Evaluates survival function R(h1,h2)=P(Ac>h1,At>h2).

## SYNOPSIS

[f] = spec2AcAt(spec,utc,def,paramtc,paramtt,paramt,h1,h2,nit,speed,bound)

## DESCRIPTION

 SPEC2ACAT   Evaluates survival function R(h1,h2)=P(Ac>h1,At>h2).

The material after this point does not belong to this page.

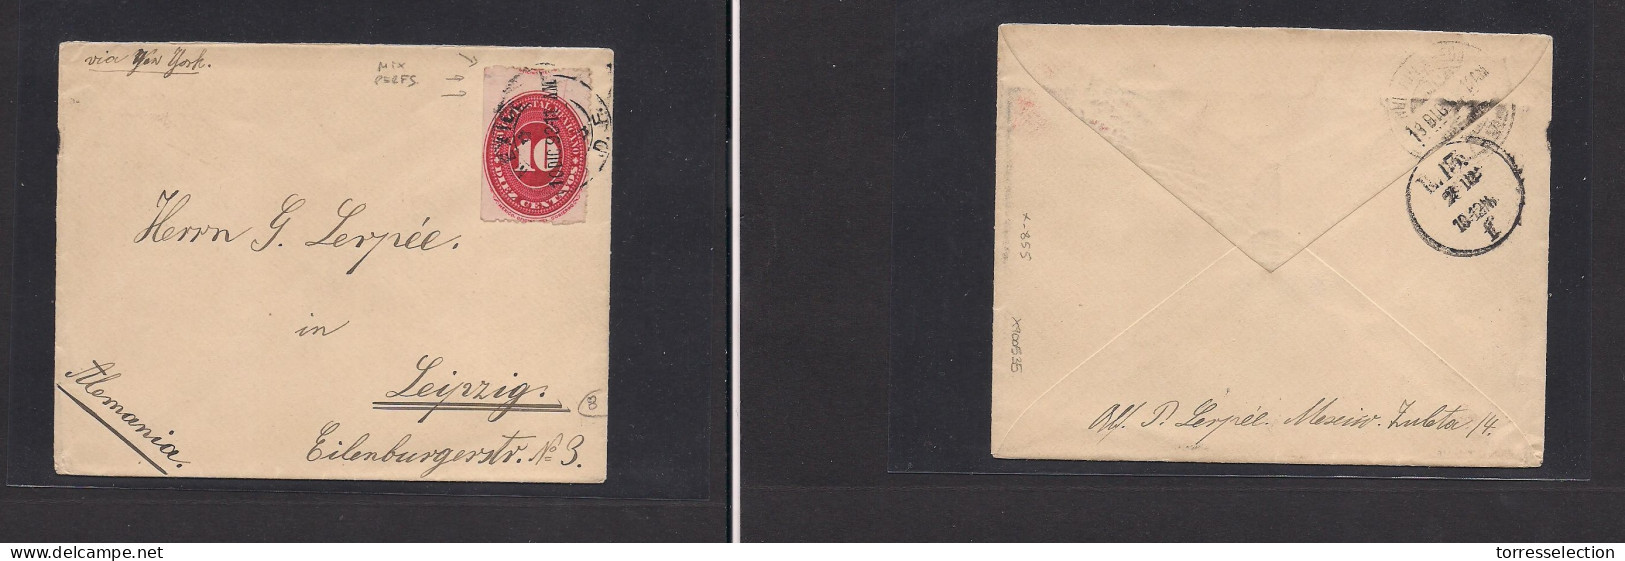 MEXICO. Mexico - Cover - 1893 DF To Lepizig  Germany Frkd Env Lare Numeral Prforation Varietty, Interesting And Rare. Ea - Mexiko
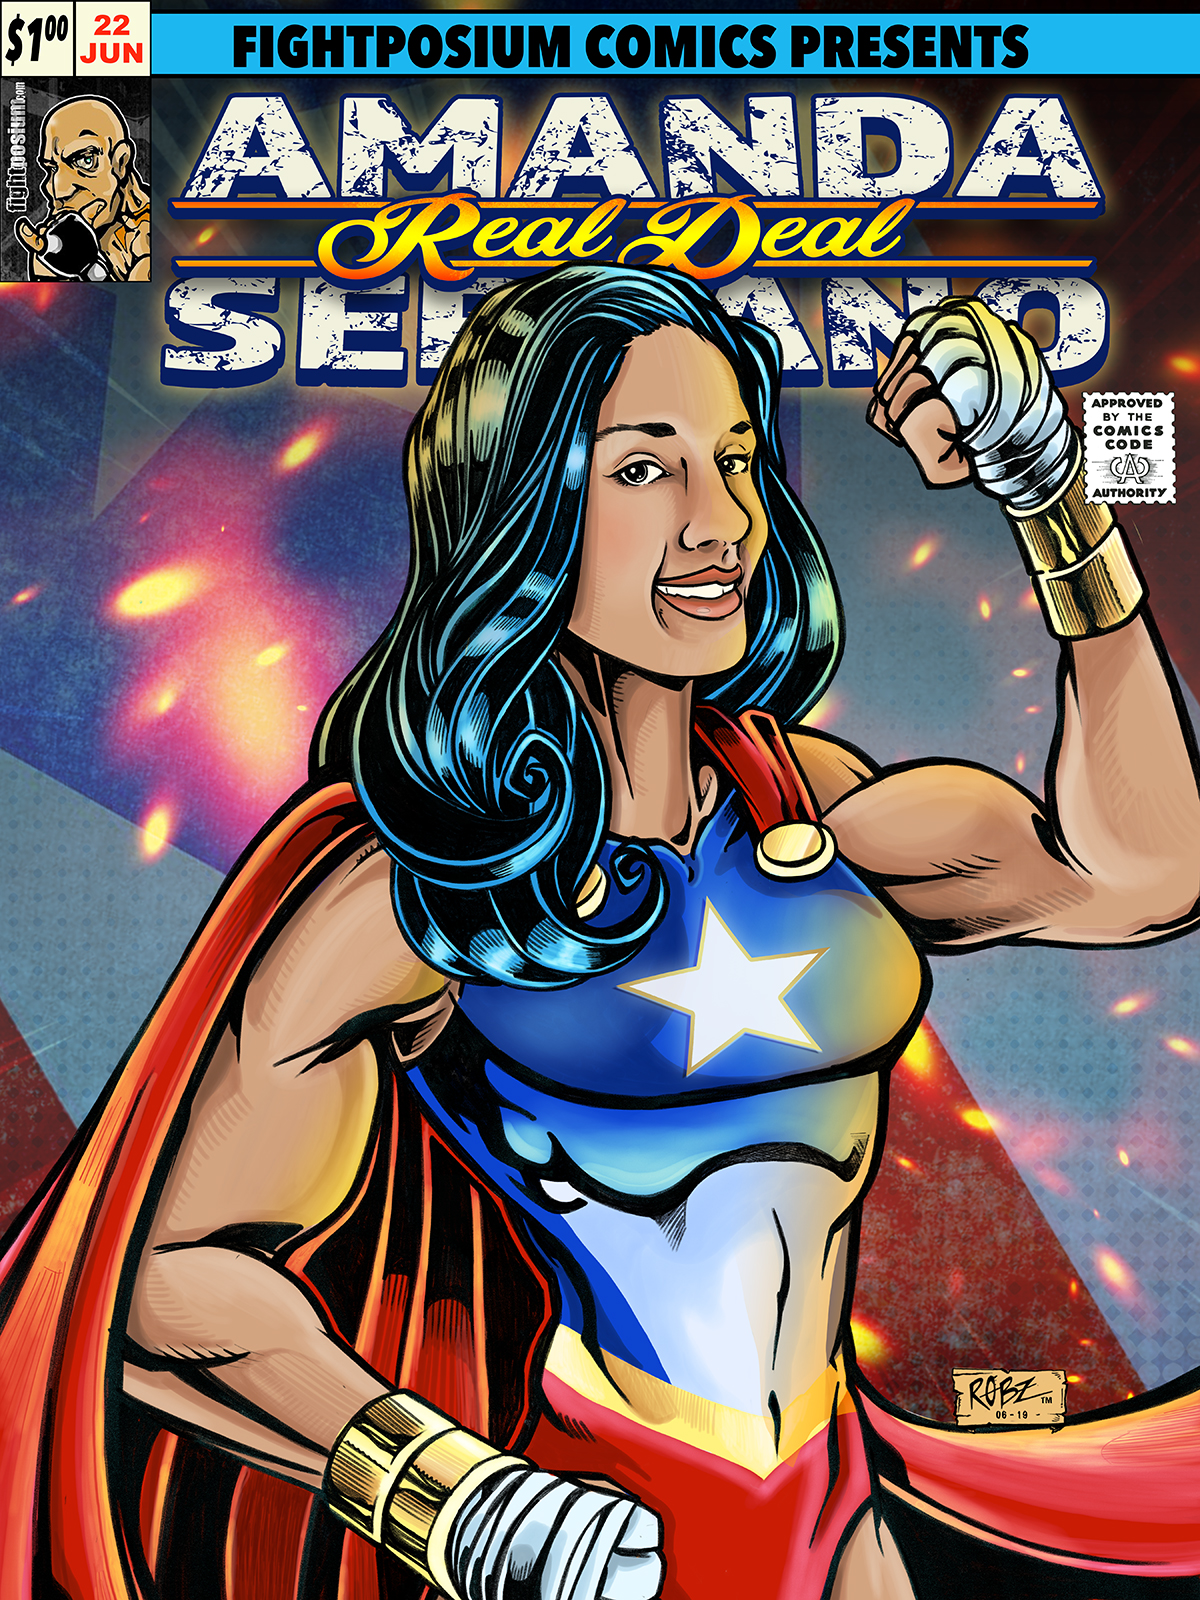 You are currently viewing Amanda “The Real Deal” Serrano Superwoman

CALL: R = spec2AcAt(S,u,def,paramtc,paramtt,paramtcc,h1,h2,nit,speed,bound);

R    =  survival function R=P(Ac>h1,At>h2)
S    = spectral density structure
u    = reference level (default the most frequently crossed level).
def   =  'Tcc', P(Ac>h1,At>h2) for waves in time, (default)
'Lcc', P(Ac>h1,At>h2) for waves in space.
paramtc  = [0 tc Ntc] defines discretization of Tc (or Lc): tc is
the longest Tc considered while Ntc is the number of
points, i.e. (Ntc-1)/tc is the sampling
frequency. paramtc= [0 10 51] implies that the crest
periods are considered at 51 linearly spaced points in
the interval [0,10], i.e. sampling frequency is 5 Hz.
paramtt   = [0 tt Ntt] defines discretization of Tt (or Lt): tt is
the longest Tt considered while Ntt is the number of points.
paramtcc   = [0 tcc Ntcc] defines discretization of a period Tcc (or
Lcc): tcc is the longest period considered while Ntcc is
the number of points.
h1 = vector of heights of Ac crest; note  h1 > 0,
h2 = vector of heights of At trough; note  h2 > 0.
nit  =  0,...,9. Dimension of numerical integration  (default 2).
-1,-2,-3,... different important sampling type integrations.
speed = defines accuraccy of calculations, by choosing different
parameters, possible values: 1,2...,9 (9 fastest, default 4).
bound = 0 the distribution is approximated (default), and if  nit<0
= 1 the upper and lower bounds for the distribution are computed.
[]    = default values are used.

SPEC2ACAT evaluates P(Ac>h1,At>h2), i.e. probability that crest is
higher than h1 and trough lower than h2, for waves in time or in space
in a stationary Gaussian transform process X(t) where Y(t) = g(X(t) (Y
zero-mean Gaussian with spectrum given in S).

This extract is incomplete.